Does Judaism permit us to believe that our children are perfect?

Now that Jenny McCarthy is about to become a co-host on The View, we can expect that her unorthodox parenting philosophy will gain more attention. One of her beliefs is in the highly-dubious concept of Indigo and Crystal Children. According to this theory, some children have supernaturally physic powers, and are either deeply soulful or intense.

[All of this prompted Tablet Magazine humorist Marjorie Ingall to imagine Indigo or Crystal kids at Jewish summer camps–as she wrote here.

Of course, all children are exceptional, but what if they’re exceptionally bad? The rabbis of the Talmud dealt with this question when ruminating on one phrase from this week’s Torah reading, Re-eh:

Banim atem–you are children of the LORD your God” (Deuteronomy 14:1).

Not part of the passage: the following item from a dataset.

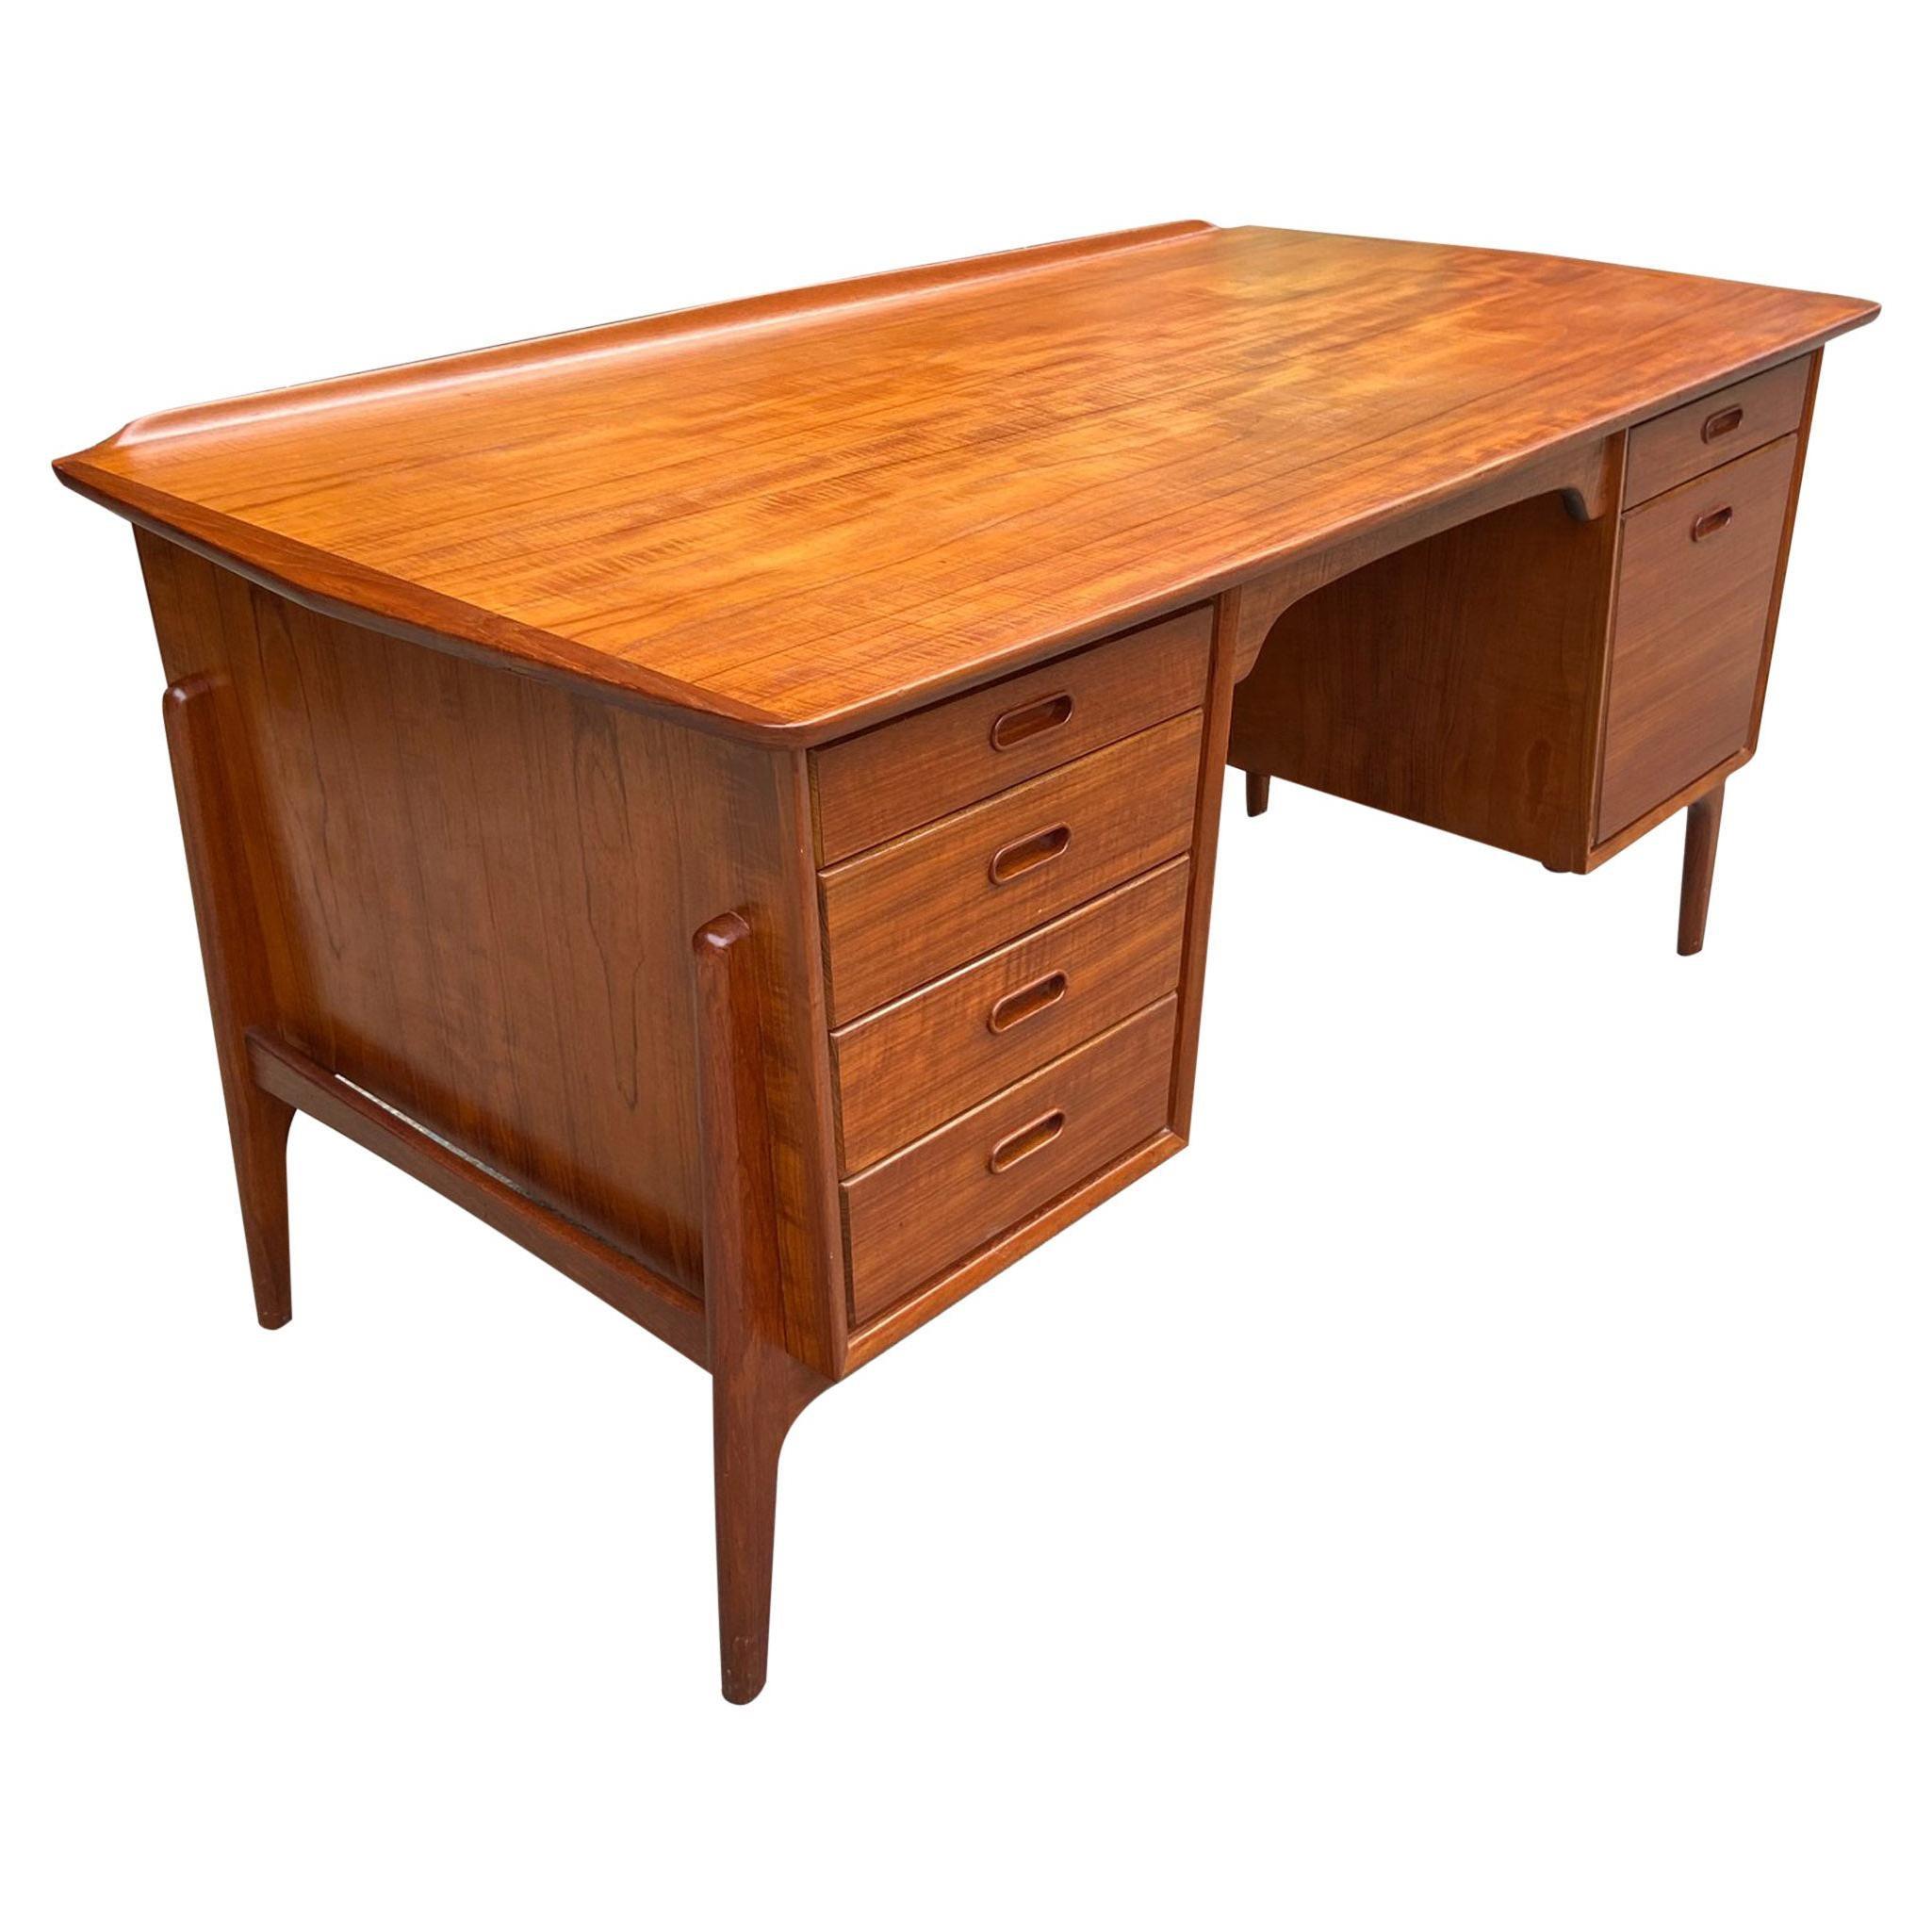 Mid-Century Modern Teak Desk Designed by Svend Aage Madsen

Rabbis Yehudah and Meir debated the implications of this phrase.

“When you behave in the customary way of children, you are called [God’s] children; when you don’t, you aren’t; this is Rabbi Yehudah’s view. Rabbi Meir, however, said: regardless, you are called [God’s] children, as is written (Jeremiah 4:22), ‘they are foolish children,’ and (Deuteronomy 32:20) “children with no loyalty in them,’ and (Isaiah 1:4) ‘depraved children!'” (Bavli Kiddushin 36a)

It goes without saying that we want God to consider us worthy children, and at least to consider us as God’s children even when we’re not worthy, as per Rabbi Meir. But what about Rabbi Yehudah? Is there any merit to his position? Can it guide us as parents and grandparents in any meaningful way?